→ SUPPLIED INFORMATION:
——

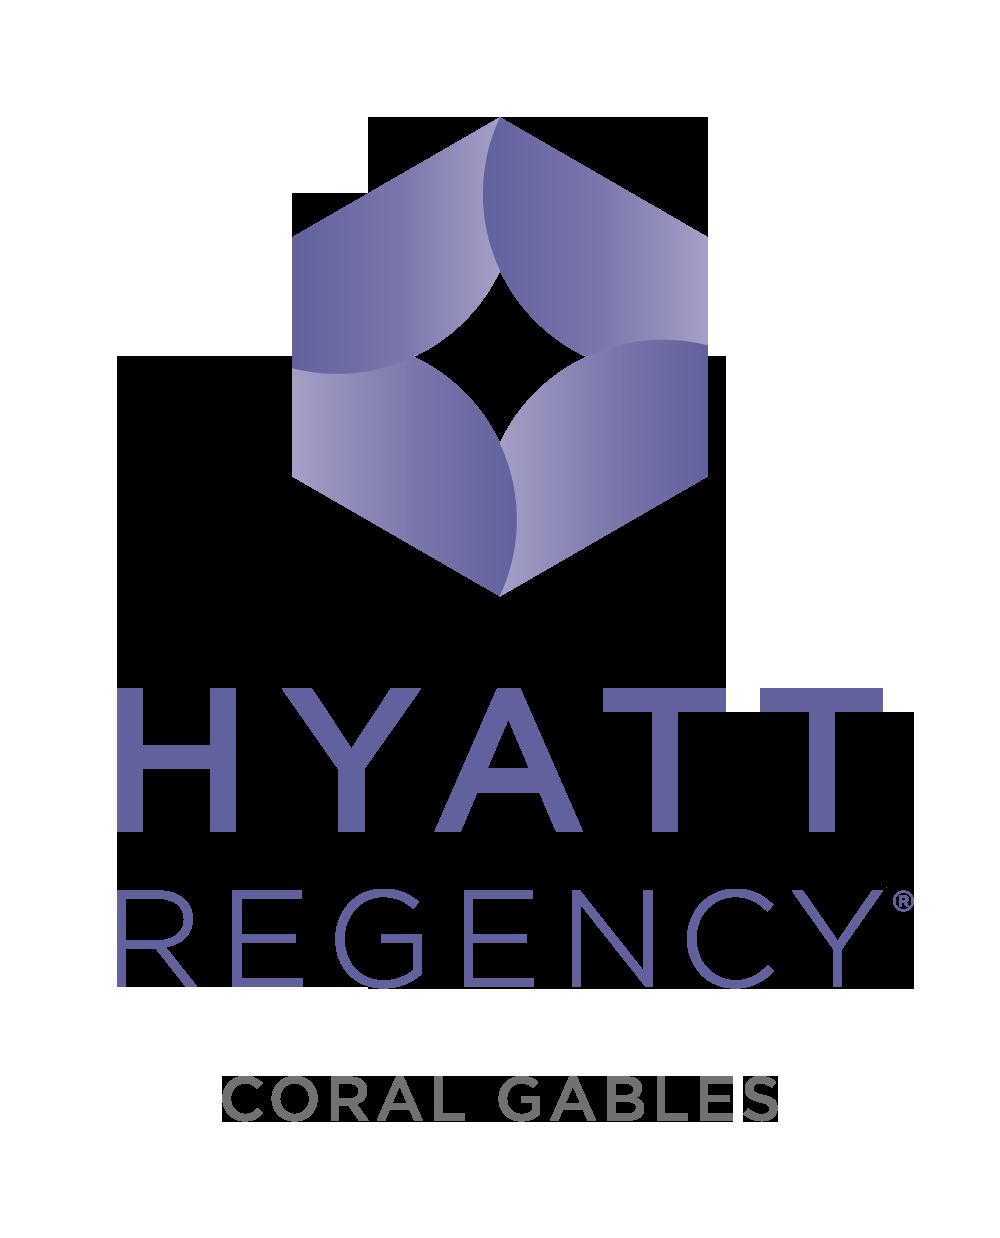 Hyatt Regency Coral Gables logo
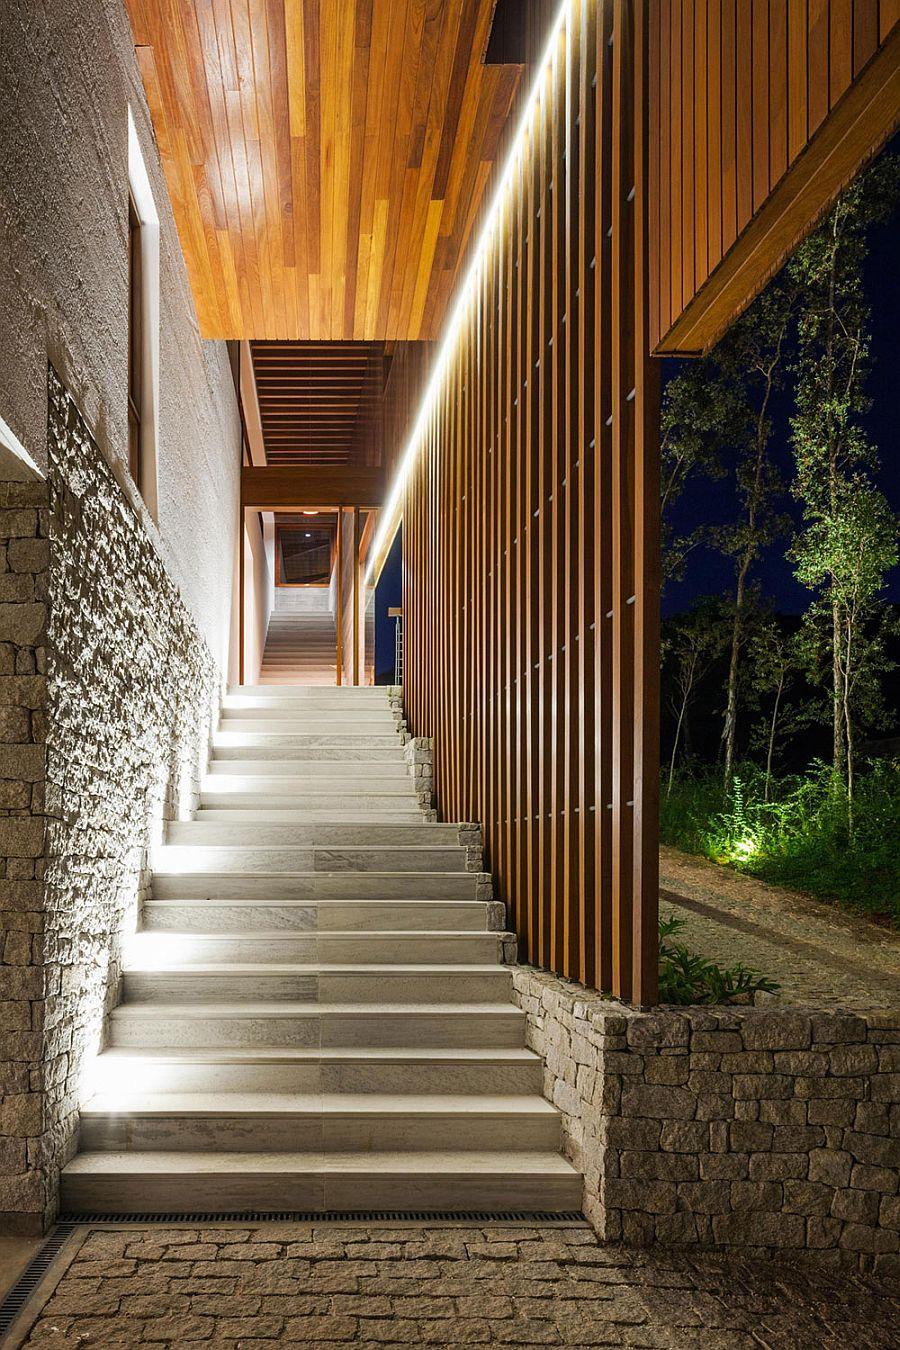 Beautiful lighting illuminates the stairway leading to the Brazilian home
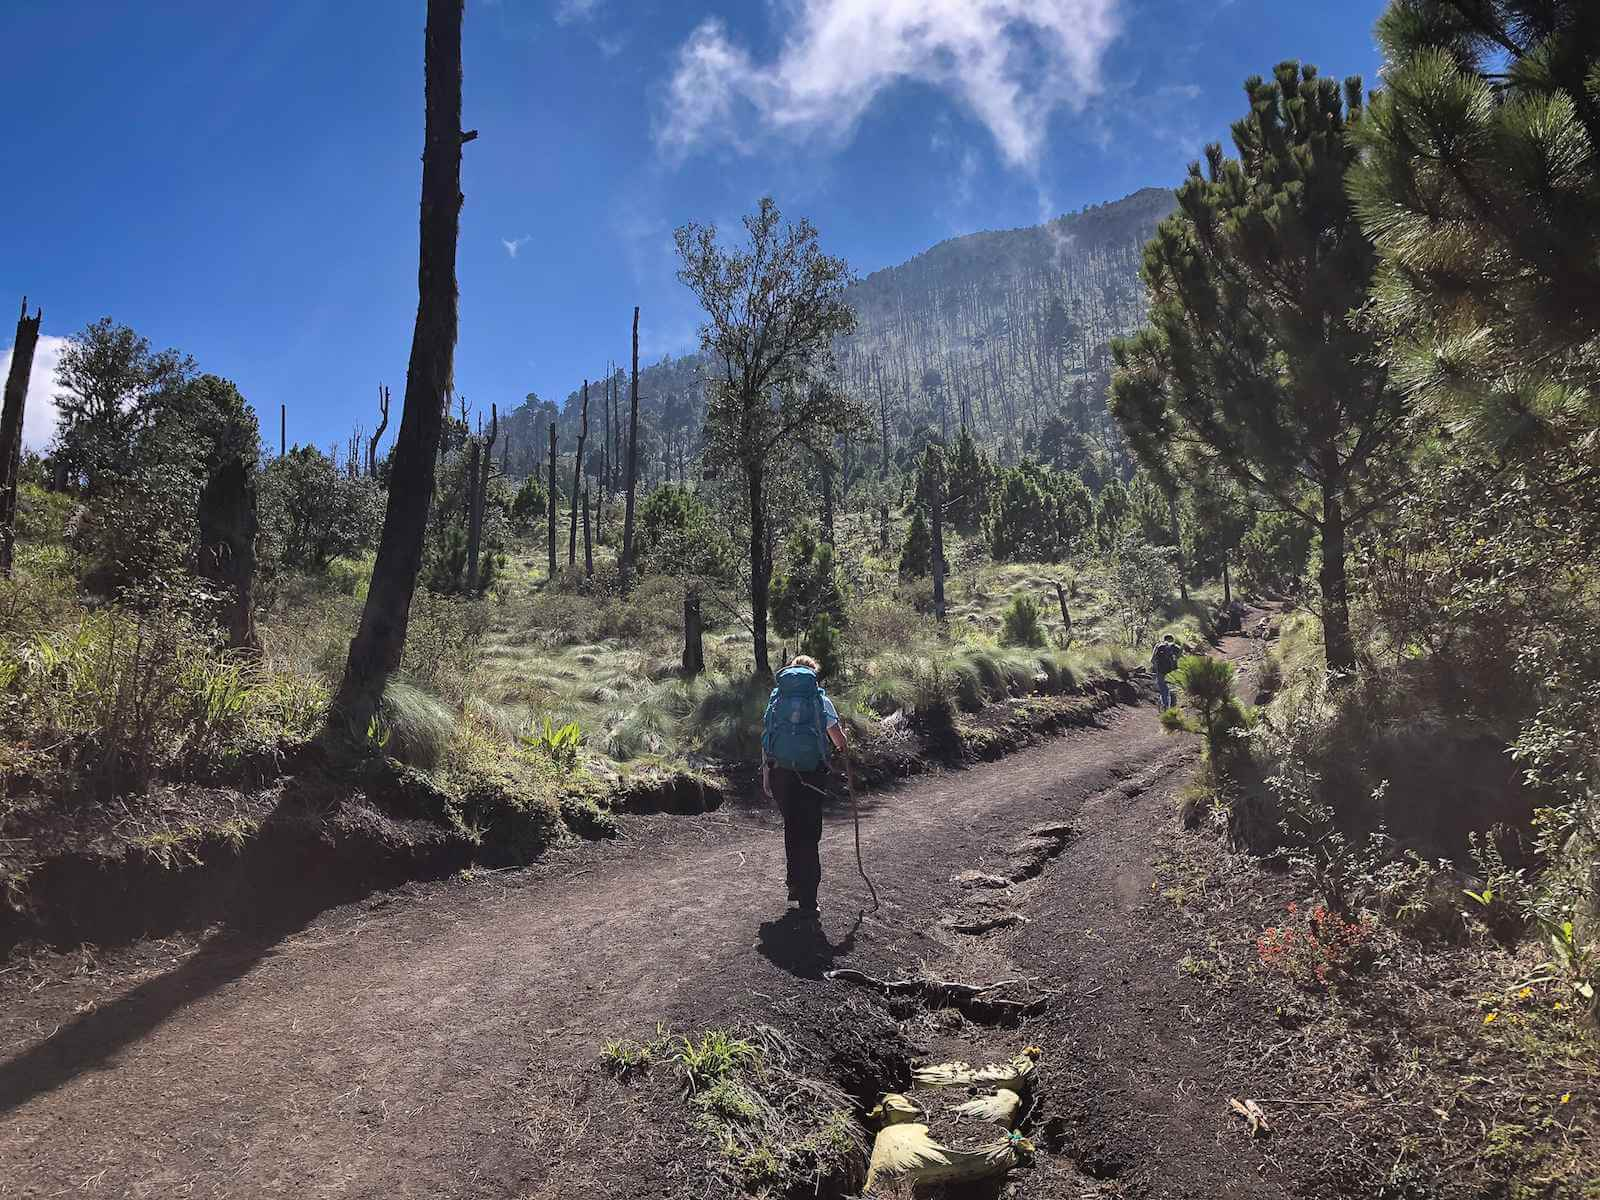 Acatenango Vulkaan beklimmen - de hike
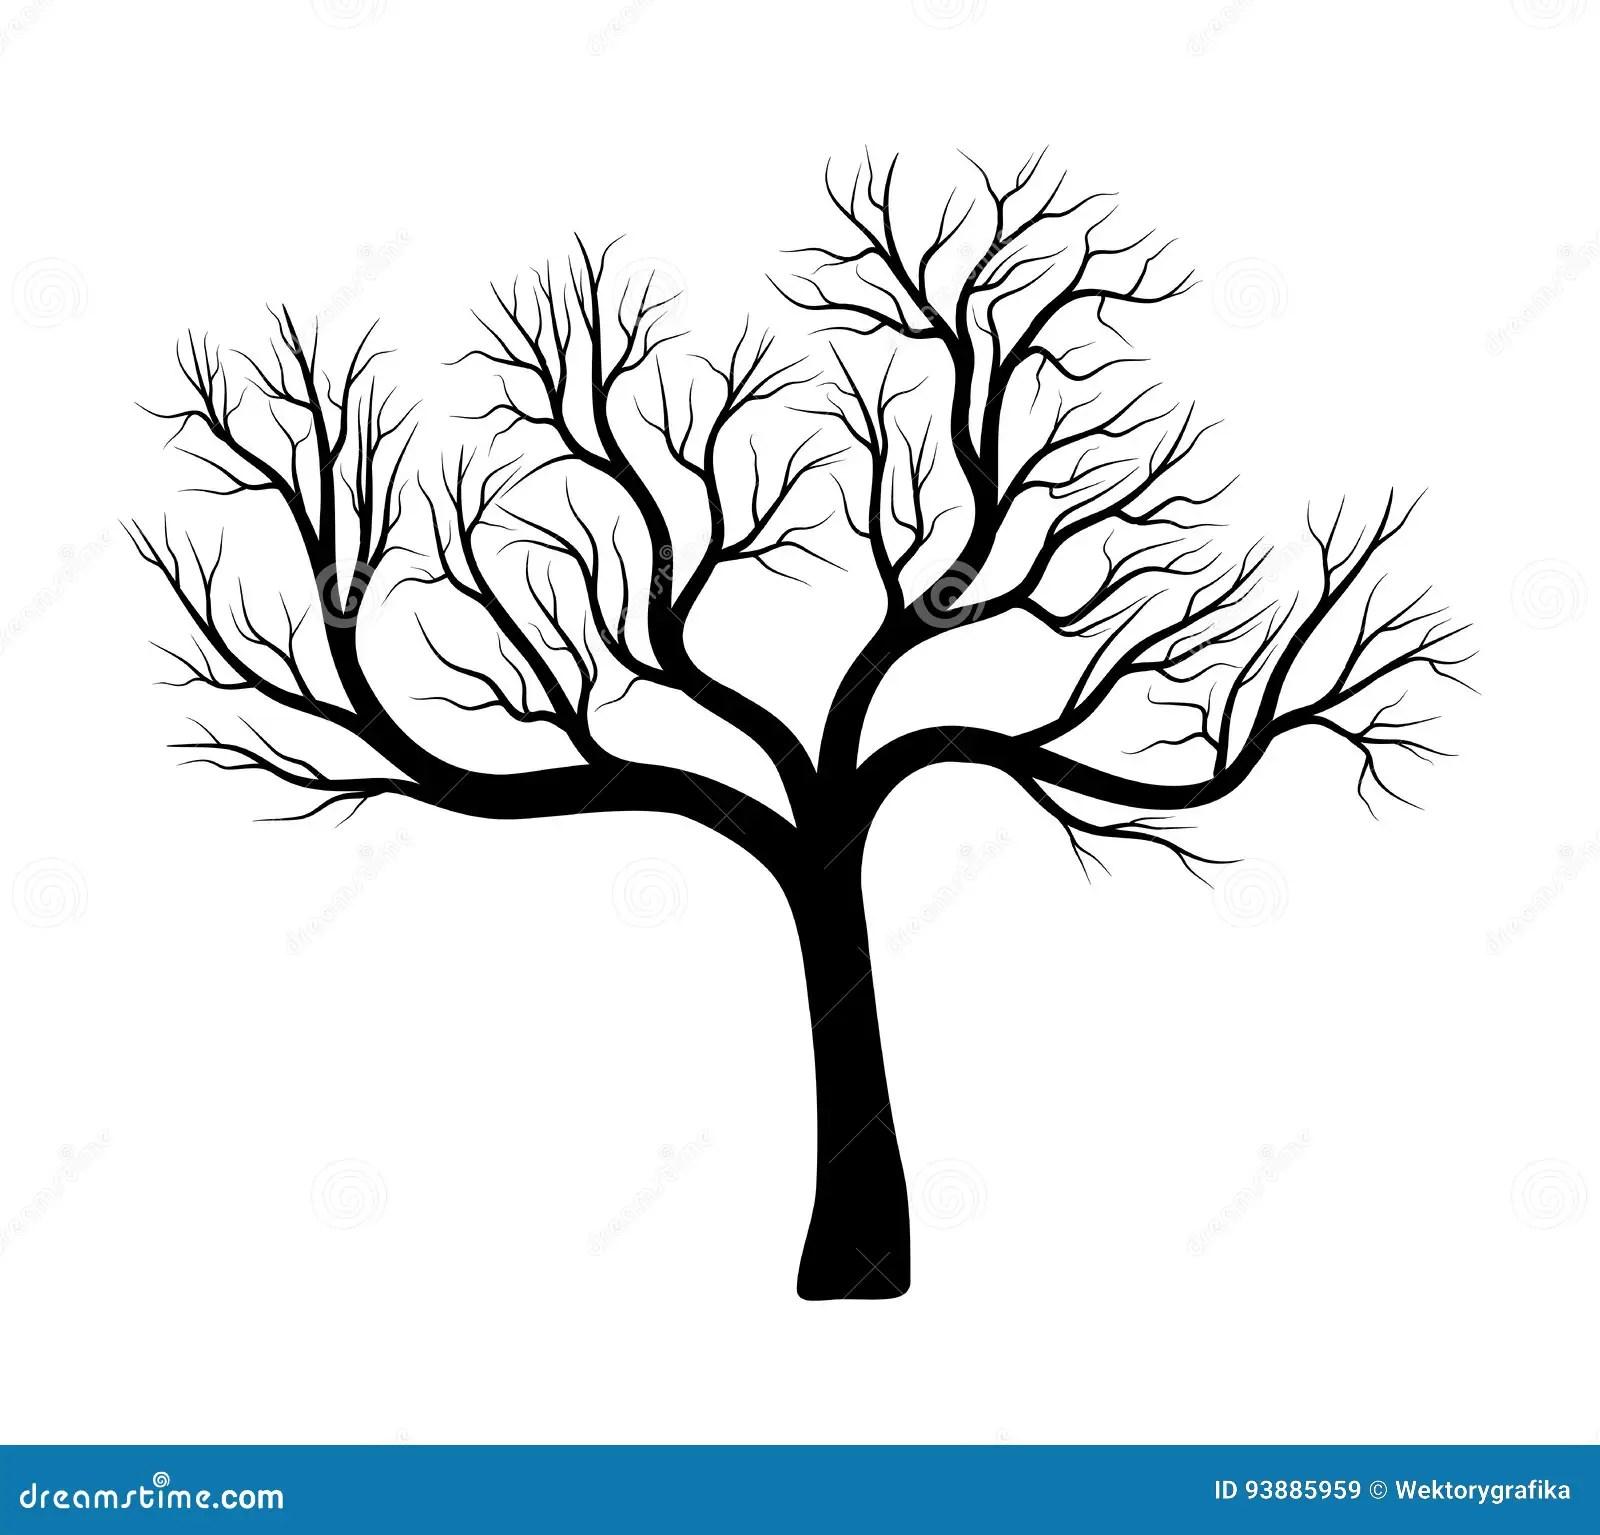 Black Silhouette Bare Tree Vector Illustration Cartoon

——

→ ABOUT THIS TASK:
Repeat the material exactly, without images.

→ RESULT:
 Hyatt Regency Coral Gables logo
 Beautiful lighting illuminates the stairway leading to the Brazilian home
 Acatenango Vulkaan beklimmen - de hike
 Black Silhouette Bare Tree Vector Illustration Cartoon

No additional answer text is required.